The 14 candidates vary in their positions—and in their prospects. Most of them have not personally endorsed gay marriage, but rather have argued that whatever their own beliefs, they would not seek to undo the law. Typical is Tom Foley, the GOP gubernatorial nominee in Connecticut, who has declared, "I personally think marriage is between a man and a woman, but "... as governor, I'd support the law." Only a few Republican contenders in this group (most clearly in New Hampshire and Minnesota) have left themselves some wiggle room by saying that while they would not push to uproot the law, they might sign a bill doing so if it reached them.
Charlie Baker, Neel Kashkari, and Scott Milne, the GOP nominees in Massachusetts, California, and Vermont, respectively, have moved further by personally endorsing gay marriage. Baker has been most aggressive, even running television ads touting his support and featuring his gay brother.
Some of these candidates, like Kashkari, have little chance of winning. But other GOP candidates signaling acceptance of gay marriage—including challengers Foley, Baker, and Bruce Rauner in Illinois, as well as New Mexico Gov. Susana Martinez—have much better odds. That means the November election could significantly swell the ranks of Republican governors endorsing—or at least tolerating—gay marriage.
Reed acknowledges that these shifts among Republican candidates mean that in Democratic-leaning states, gay marriage is being entrenched "as a fait accompli ... in the short-term." But he says blue-state Republicans are simply bowing to local political realities—"I'm not sure if I would say anything different"—and their repositioning will not threaten the overall party resistance to gay marriage. "There is no real change from where we were six or 18 months ago [as a] party," Reed insists.
Tyler Deaton, a young New Hampshire GOP operative, sees a bigger opening. Deaton is organizing young conservatives for Freedom to Marry, a leading group backing same-sex marriage. He believes that the shift among blue-state Republican candidates tracks growing support for gay marriage among younger GOP voters and that Baker's embrace, in particular, will inspire others to follow. "It creates room in the party for other leaders who are looking at this," Deaton says.

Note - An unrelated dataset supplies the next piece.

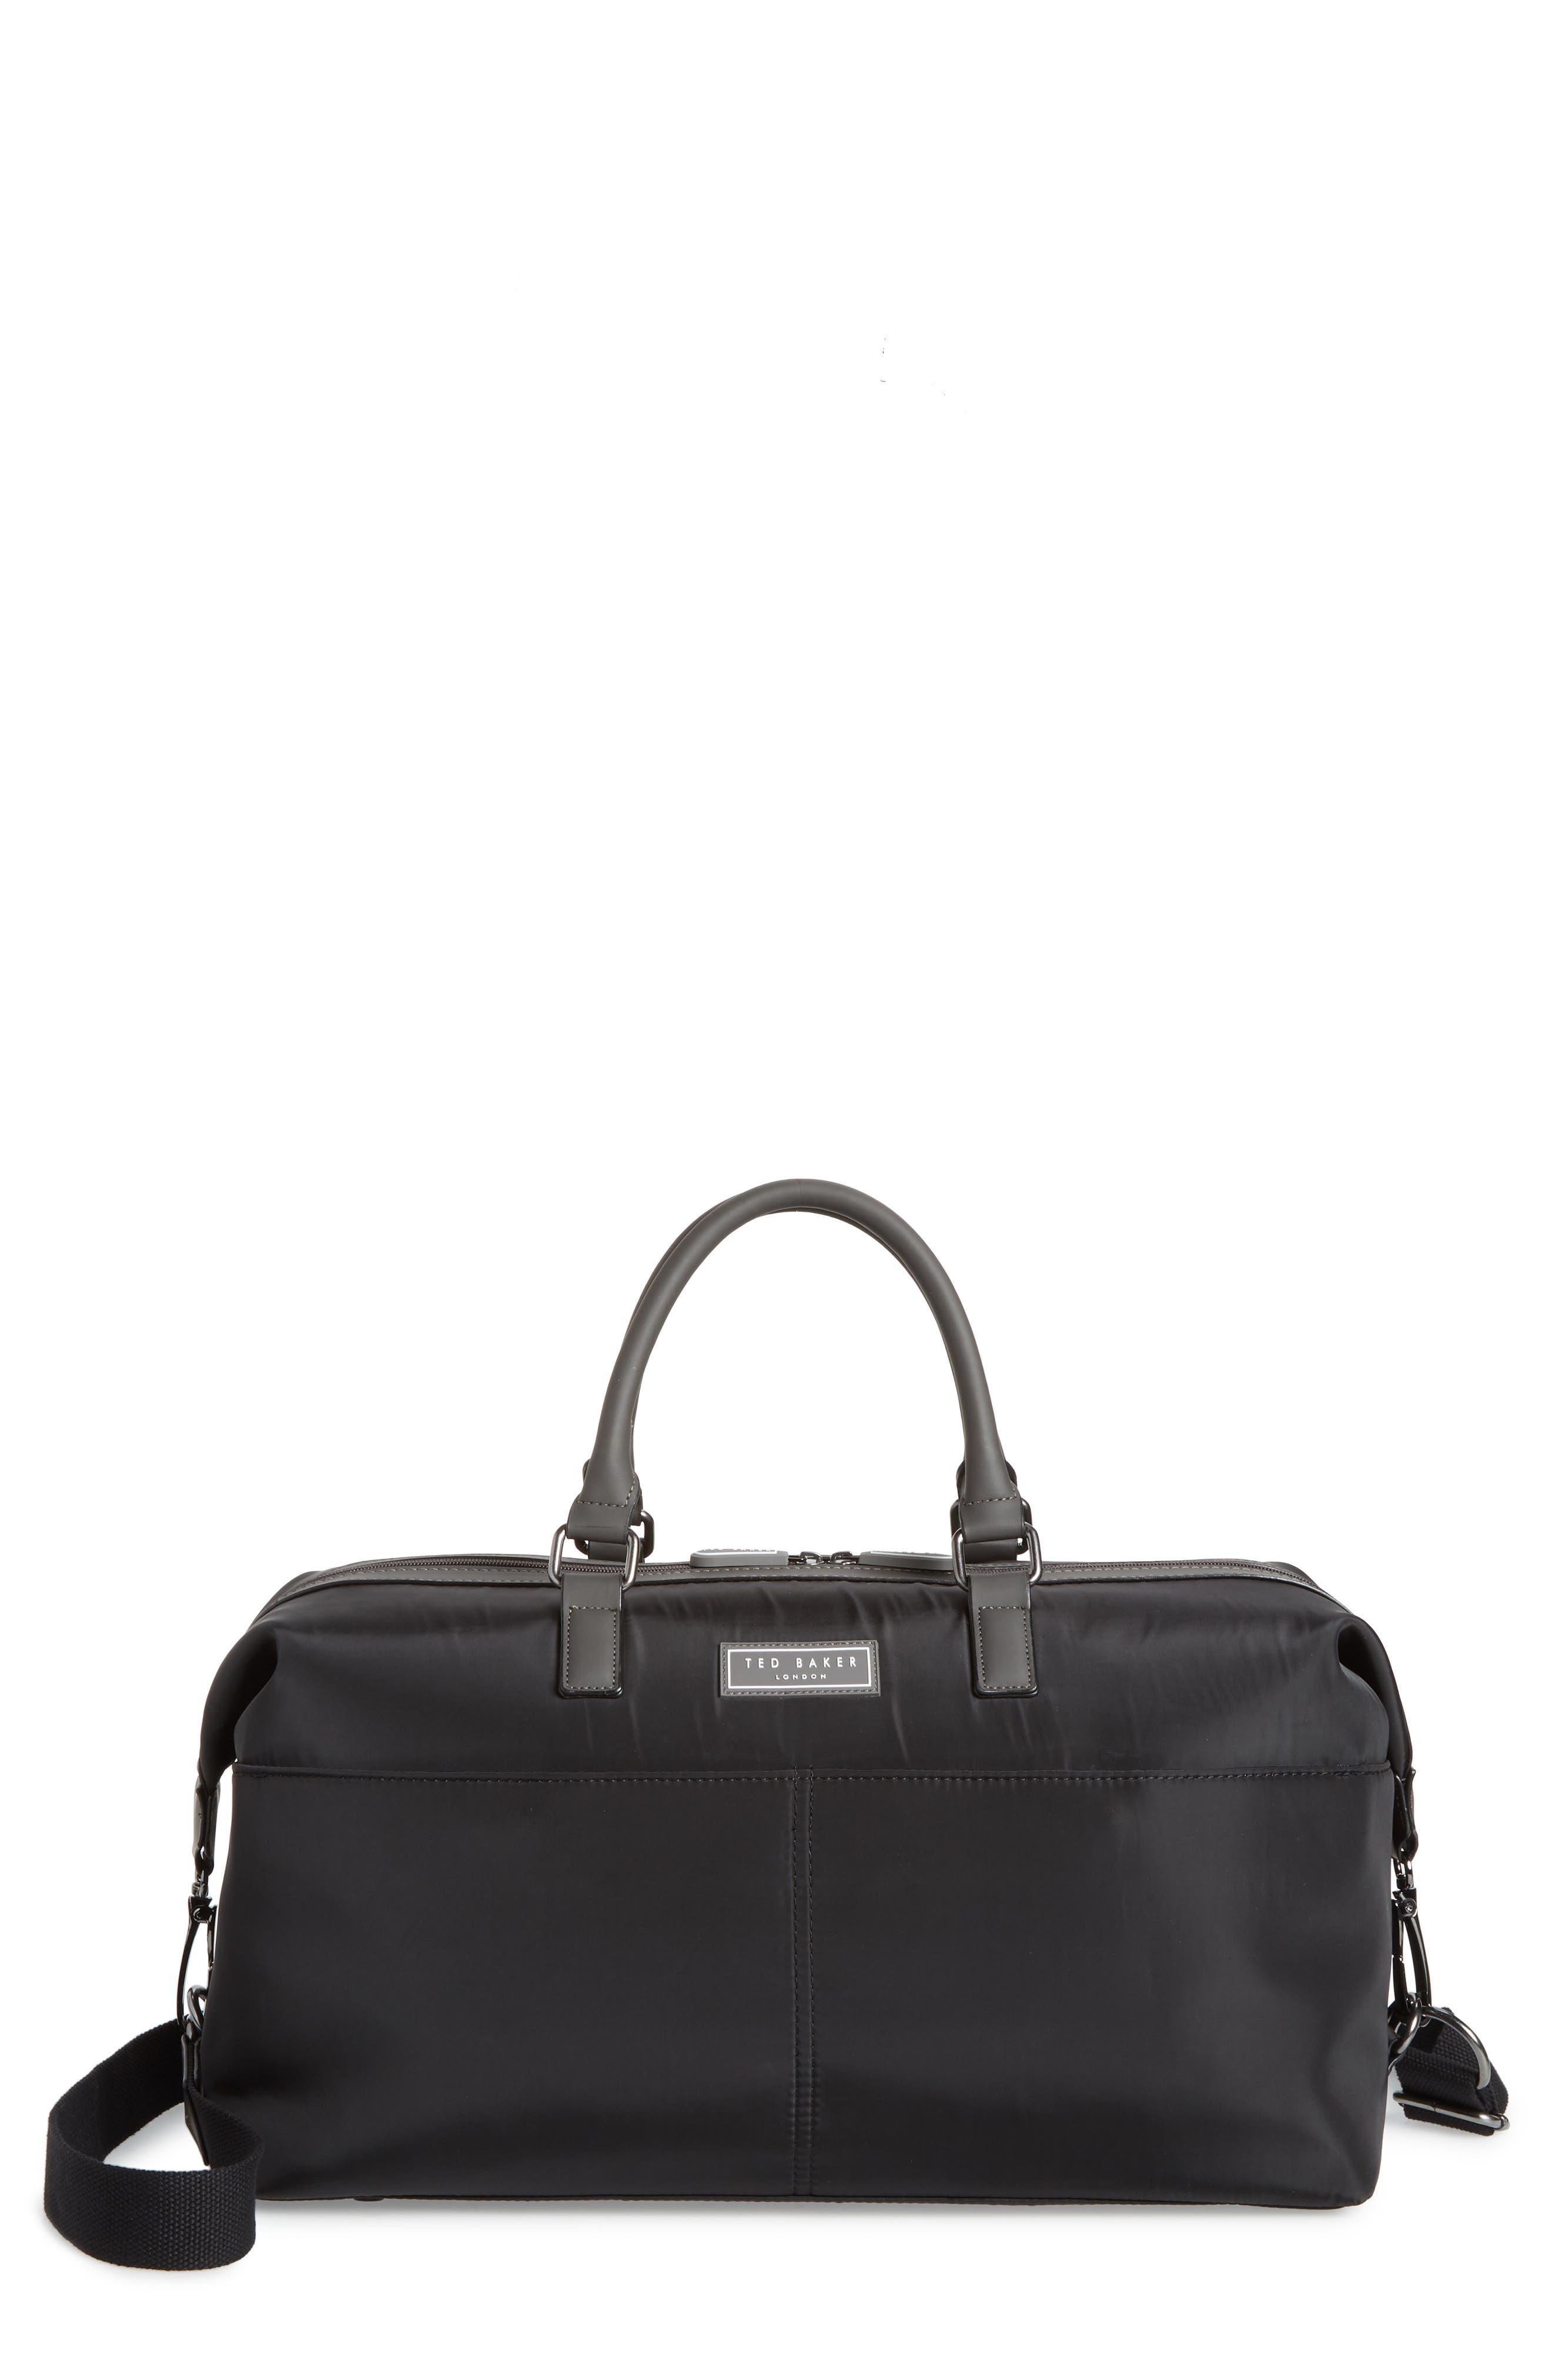 Ted Baker Women S Bags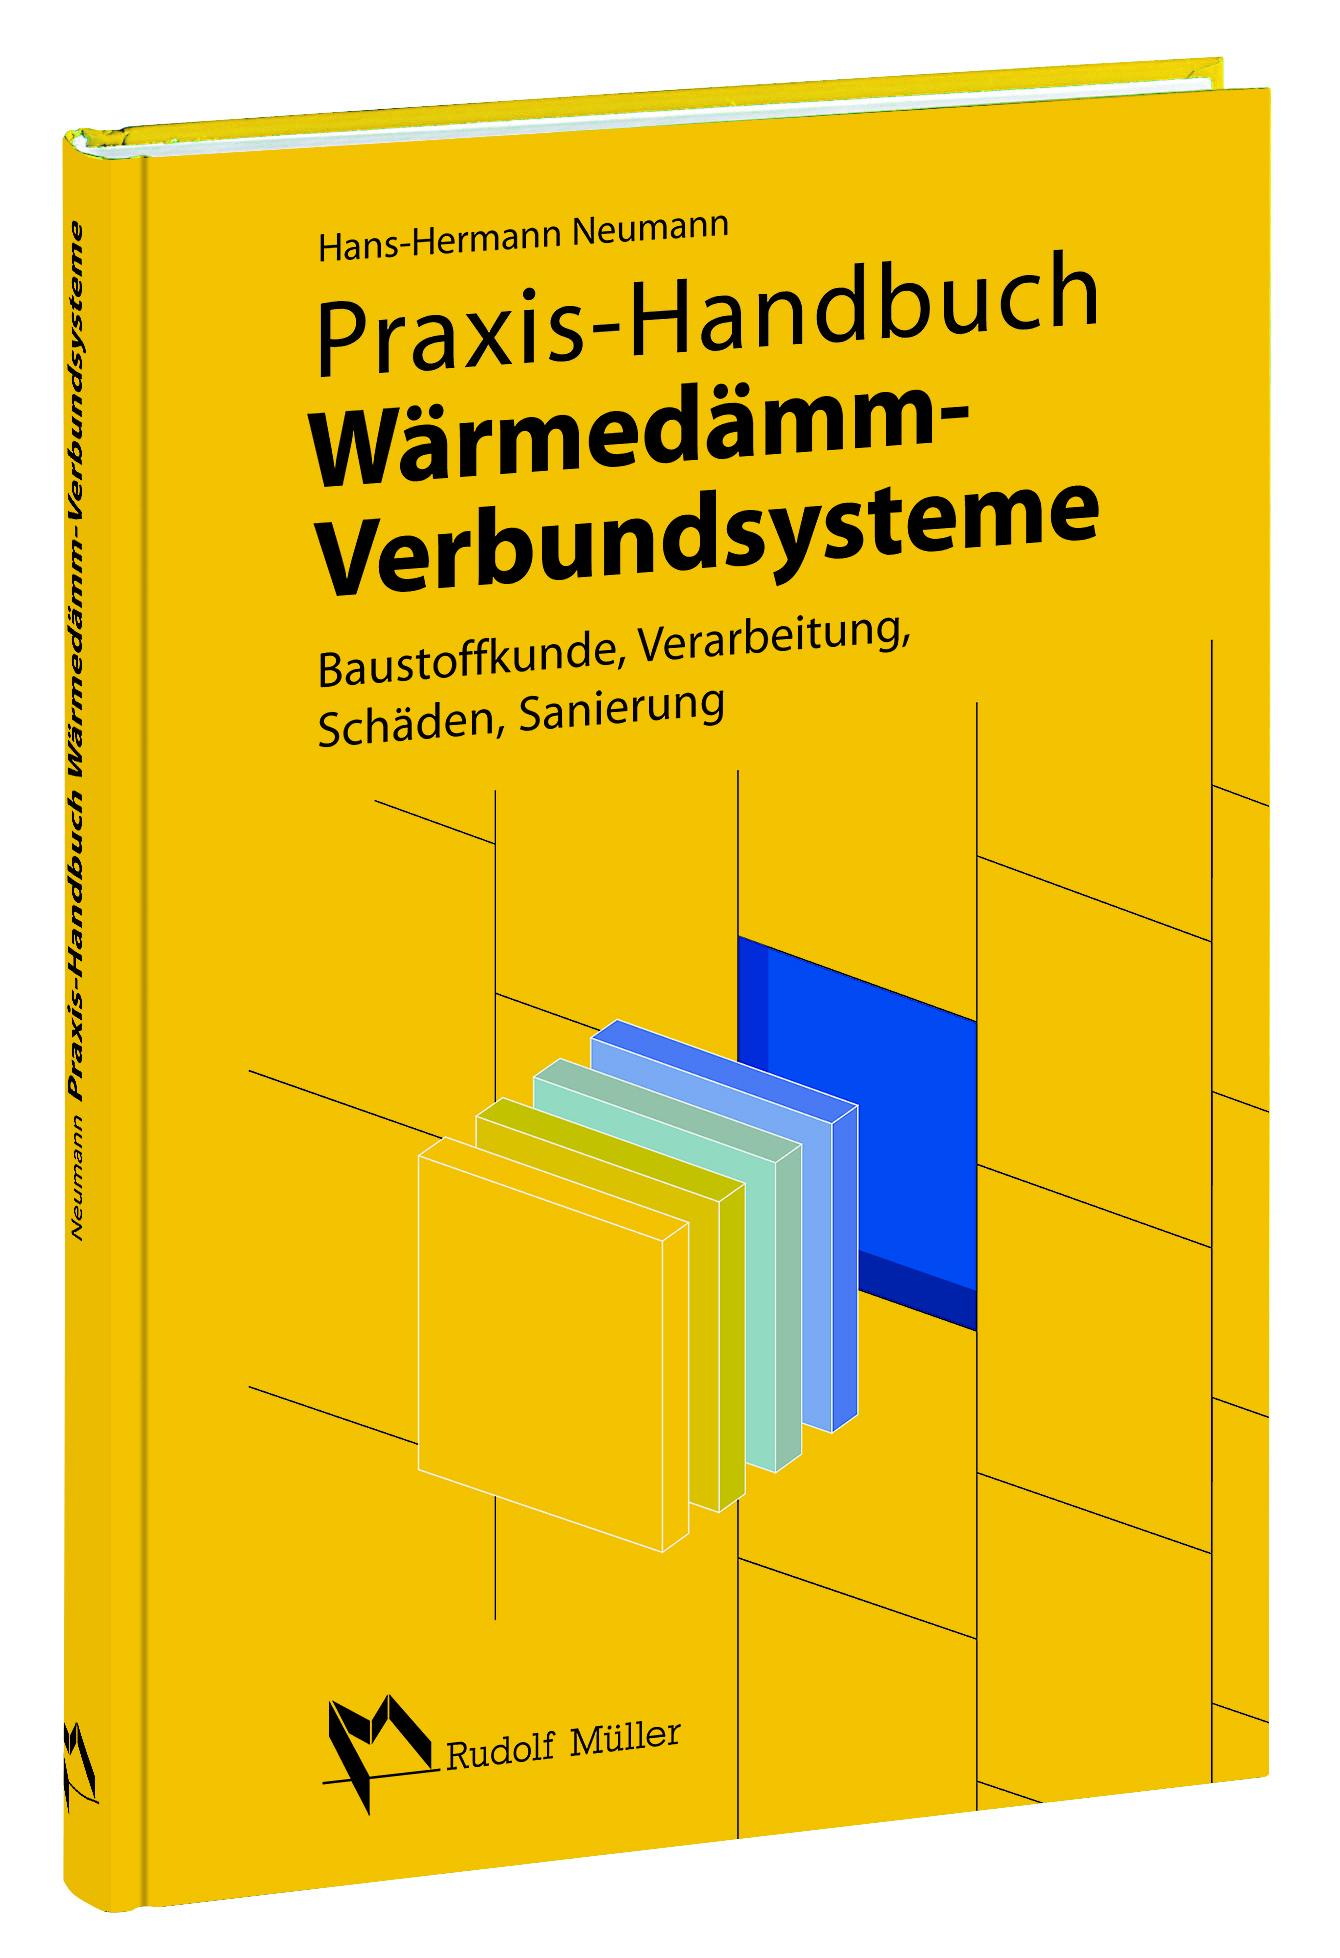 Hans-Hermann Neumann / Praxis-Handbuch Wärmedämmverbundsyste ... 9783481021542

While acknowledging that his members are "the underdogs," Deaton is already visiting early 2016 primary states to organize pro-gay-marriage Republicans behind moving the party platform to neutrality on the issue. Reed promises that religious conservatives will launch a "muscular campaign" to defend the current platform, which describes same-sex marriage as "an assault on the foundations of our society." But social conservatives may face some formidable new dissenting voices if Republicans make the blue-state gubernatorial breakthroughs now within their reach.